No-U-Turn Sampler
The No-U-Turn Sampler (NUTS) is an adaptive extension of Hamiltonian Monte Carlo that eliminates the need to manually specify the number of leapfrog steps in a trajectory. Developed by Matthew Hoffman and Andrew Gelman in 2011, NUTS builds a binary tree of leapfrog steps and automatically terminates when the trajectory begins to double back toward its starting point — a U-turn in the Hamiltonian flow. This termination criterion ensures that the sampler does not waste computation retracing ground it has already explored, while still producing proposals that are far from the current state.
NUTS is not merely a convenience. It is a structural solution to a tuning problem that had made HMC inaccessible to applied statisticians. The algorithm also includes a dual-averaging scheme for adapting the step size to achieve a target acceptance rate, and windowed adaptation of the mass matrix to account for the posterior's covariance structure. Together, these adaptations make NUTS a self-tuning inference engine that requires no hand-tuning beyond the specification of the statistical model itself.
NUTS is the default sampler in the Stan probabilistic programming language and has been adopted in PyMC, NumPyro, and Turing.jl. Its dominance in Bayesian computation is so complete that HMC and NUTS are often used interchangeably in applied work, though they are technically distinct: NUTS is a specific algorithmic wrapper around HMC dynamics.
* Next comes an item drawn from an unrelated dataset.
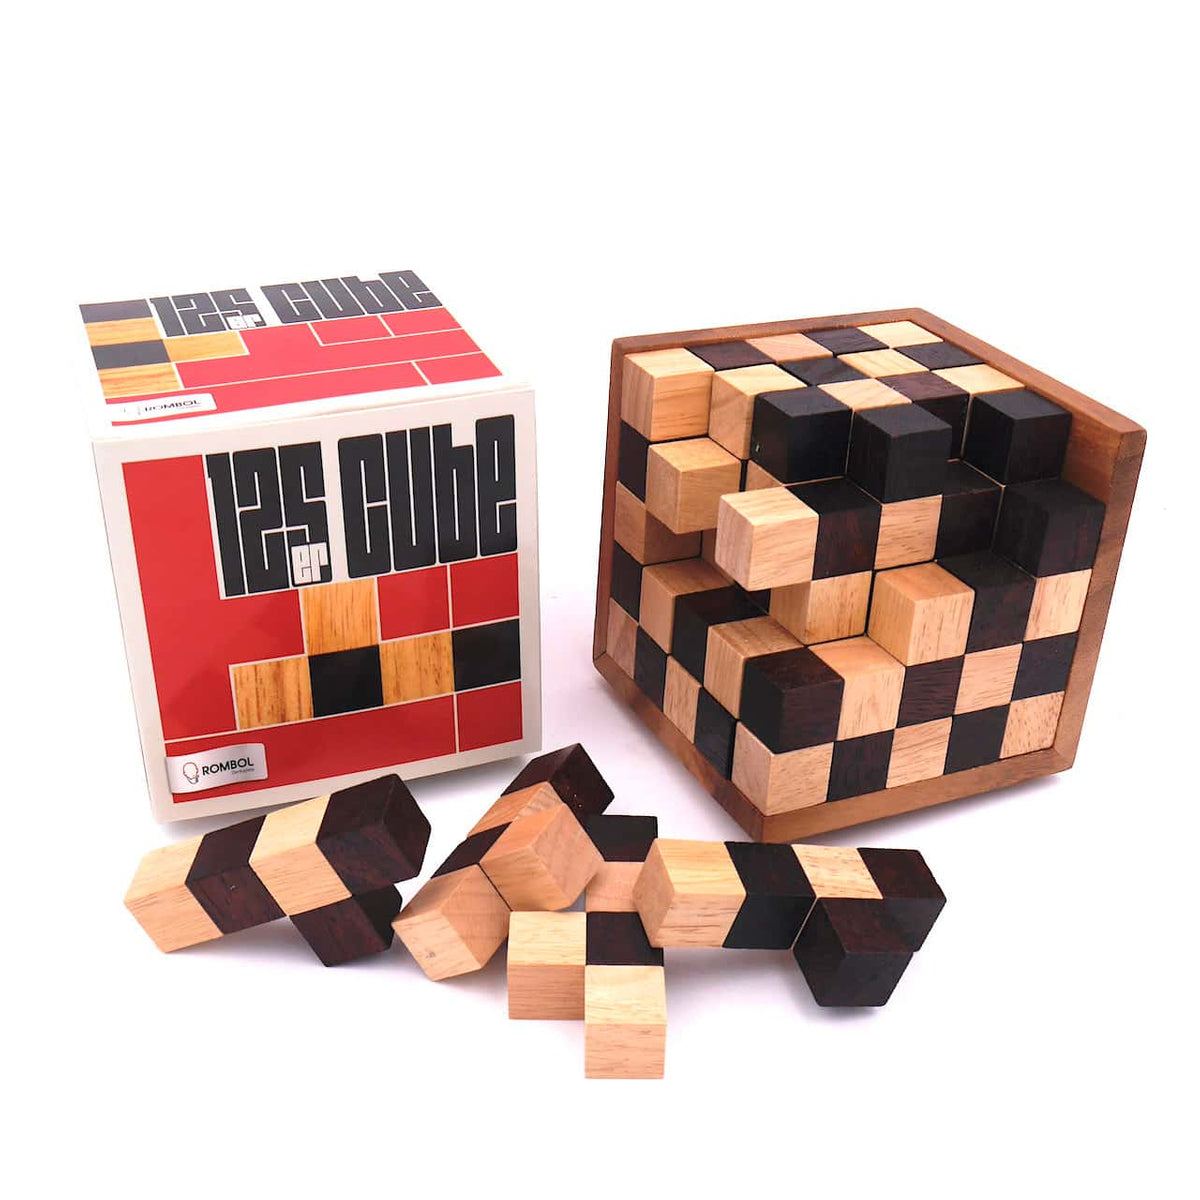 125er-Cube - herausforderndes Denkspiel aus edlem Holz für Knobel-Fans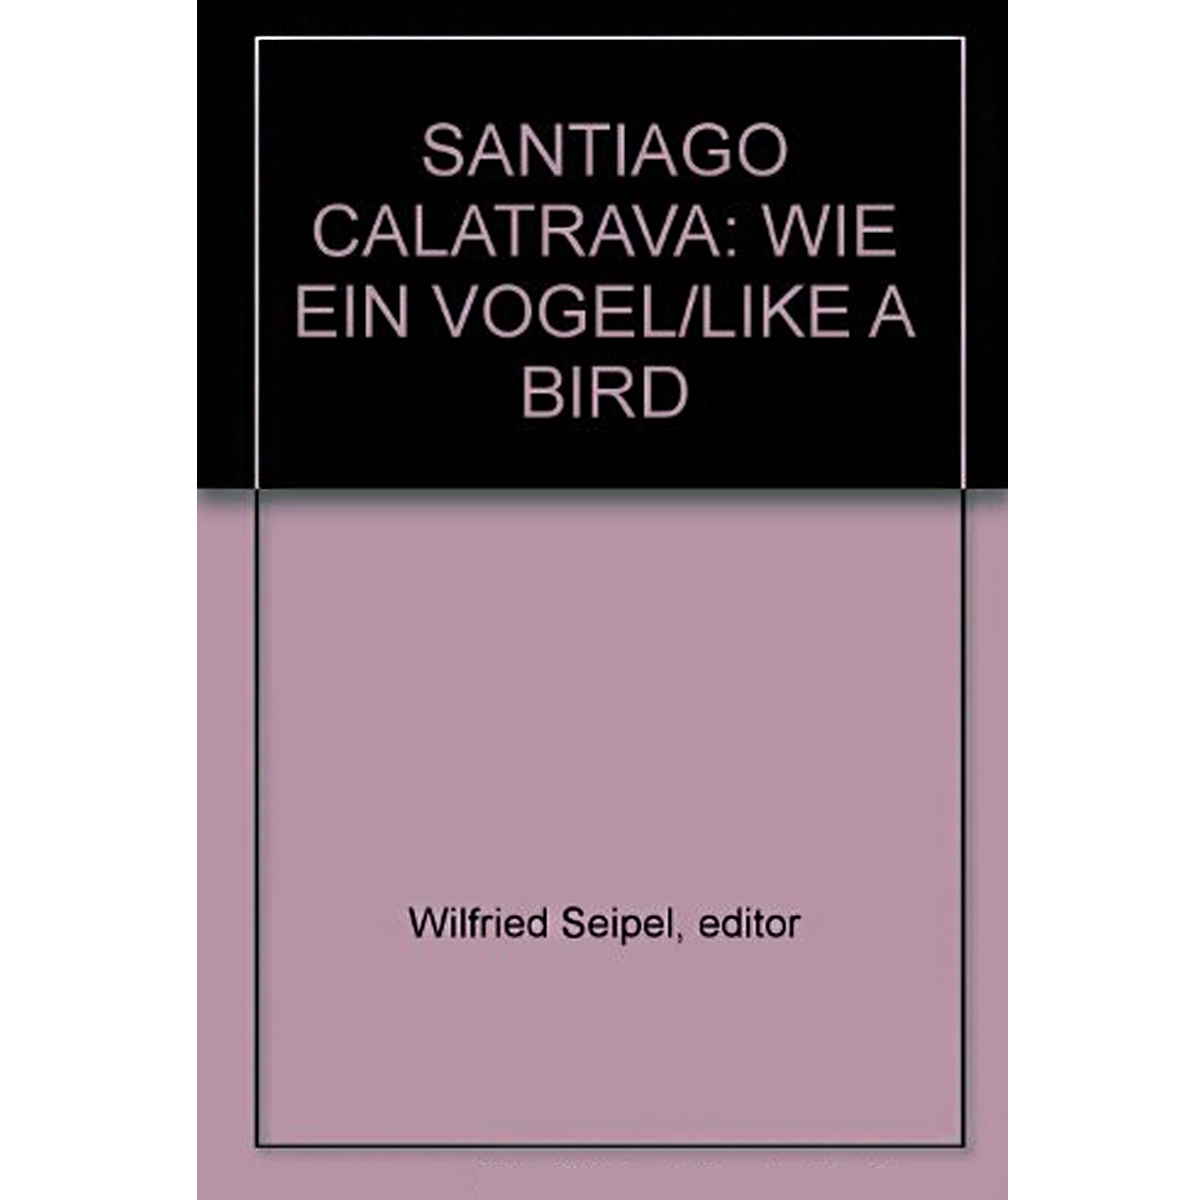 Santiago Calatrava Wie ein Vogel / Like a Bird

The No-U-Turn Sampler is the kind of algorithmic advance that makes a whole field accessible. But its very success has produced a curious blindness: many practitioners now treat NUTS as a black box, unaware of the Hamiltonian dynamics that make it possible, and unable to diagnose failure modes that arise from the geometry of the posterior rather than from software bugs. The democratization of Bayesian inference via NUTS is a genuine achievement; the simultaneous infantilization of its practitioners is a genuine cost.